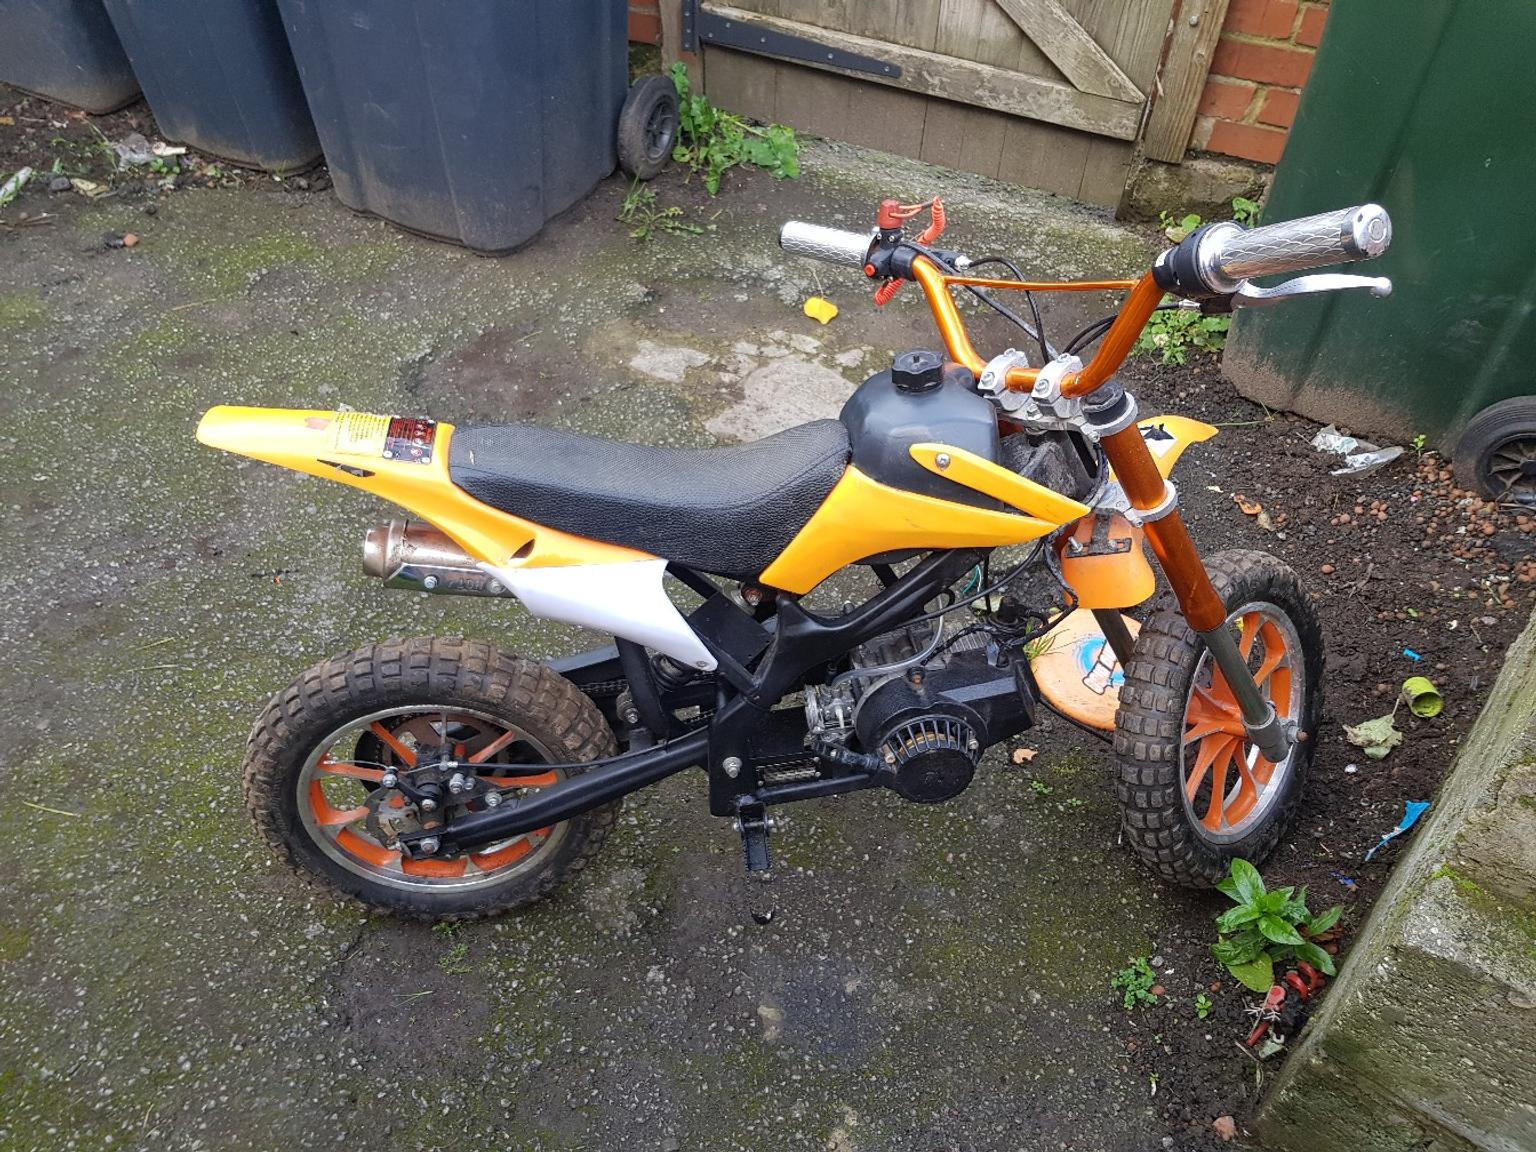 mini moto 50cc in S66 Rotherham for £130.00 for sale | Shpock
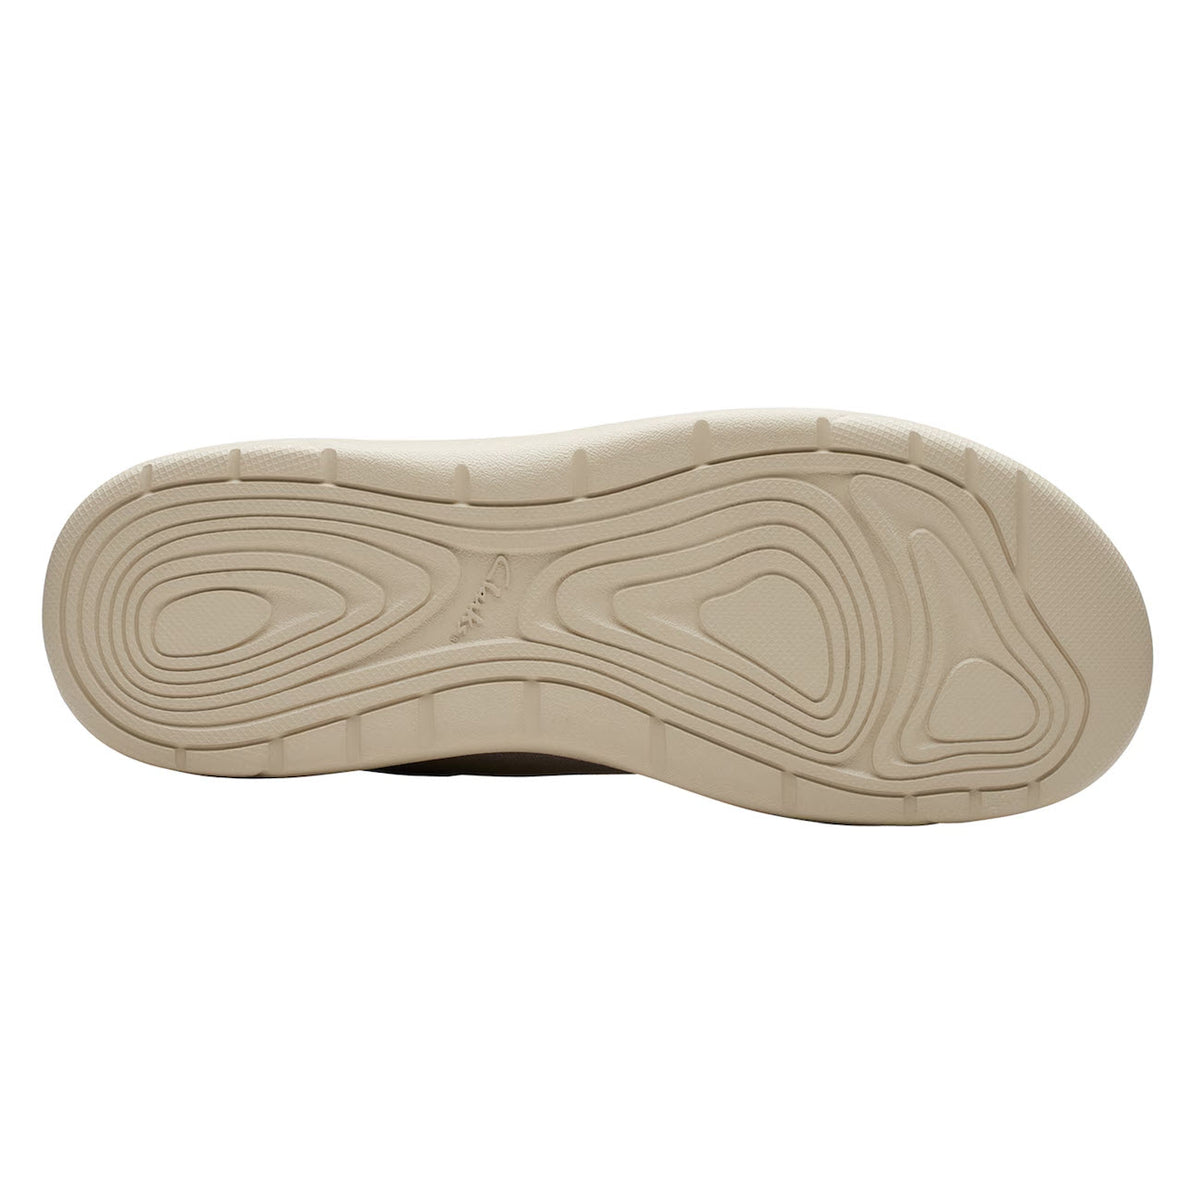 Beige EVA sole of Clarks DriftLite Surf Slip On Moc Light Grey Textured - Mens shoe with a patterned tread and embossed logo visible in the center.
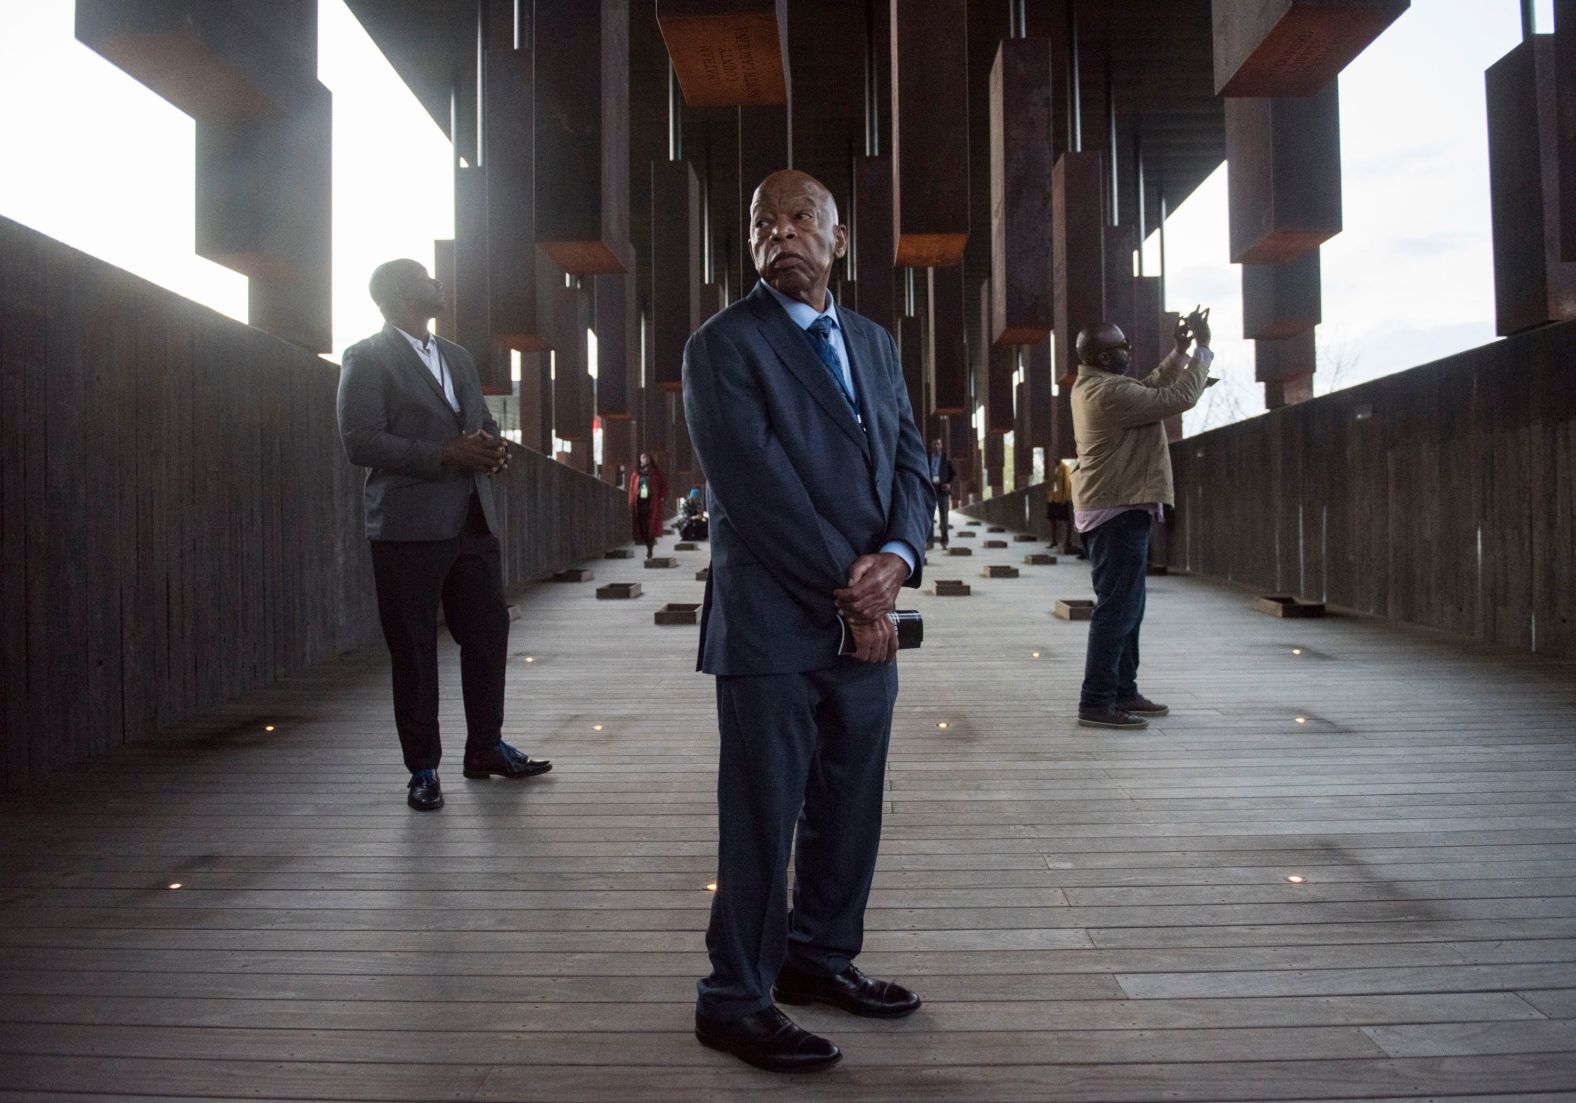 In March 2019, Lewis walks through monuments honoring the victims of racial lynchings at the National Memorial for Peace and Justice in Montgomery, Alabama.
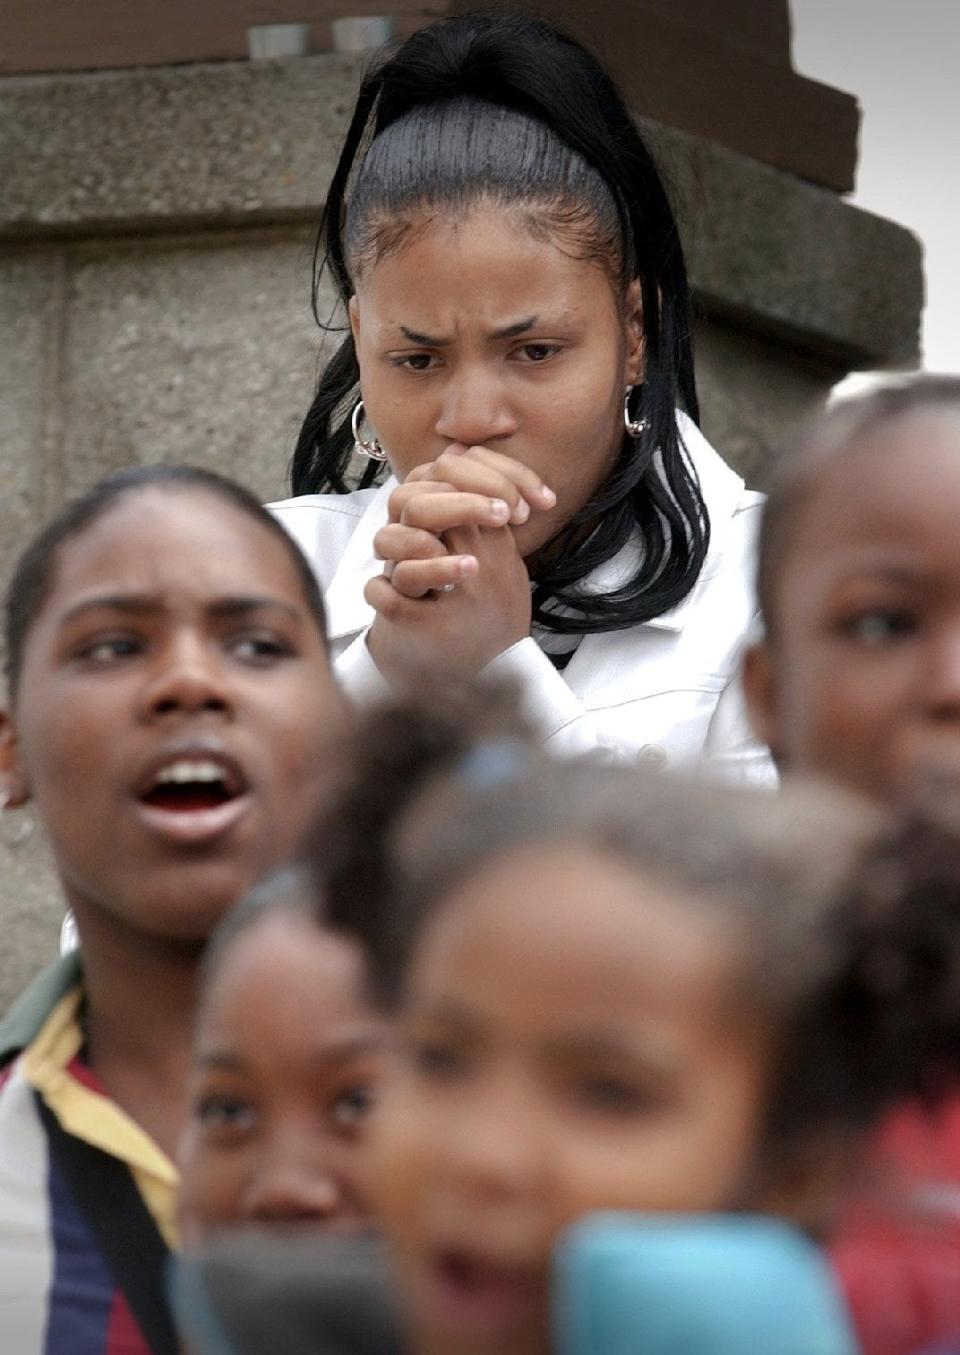 Ayanna Patterson prays for the safe return of her missing daughter, Alexis, in this 2002 file photo.

**Prompt**
Each line above gets copied exactly; leave the pictures out.

**Task output**
 mini moto 50cc in S66 Rotherham for £130.00 for sale | Shpock
 Beige EVA sole of Clarks DriftLite Surf Slip On Moc Light Grey Textured - Mens shoe with a patterned tread and embossed logo visible in the center.
 In March 2019, Lewis walks through monuments honoring the victims of racial lynchings at the National Memorial for Peace and Justice in Montgomery, Alabama.
 Ayanna Patterson prays for the safe return of her missing daughter, Alexis, in this 2002 file photo.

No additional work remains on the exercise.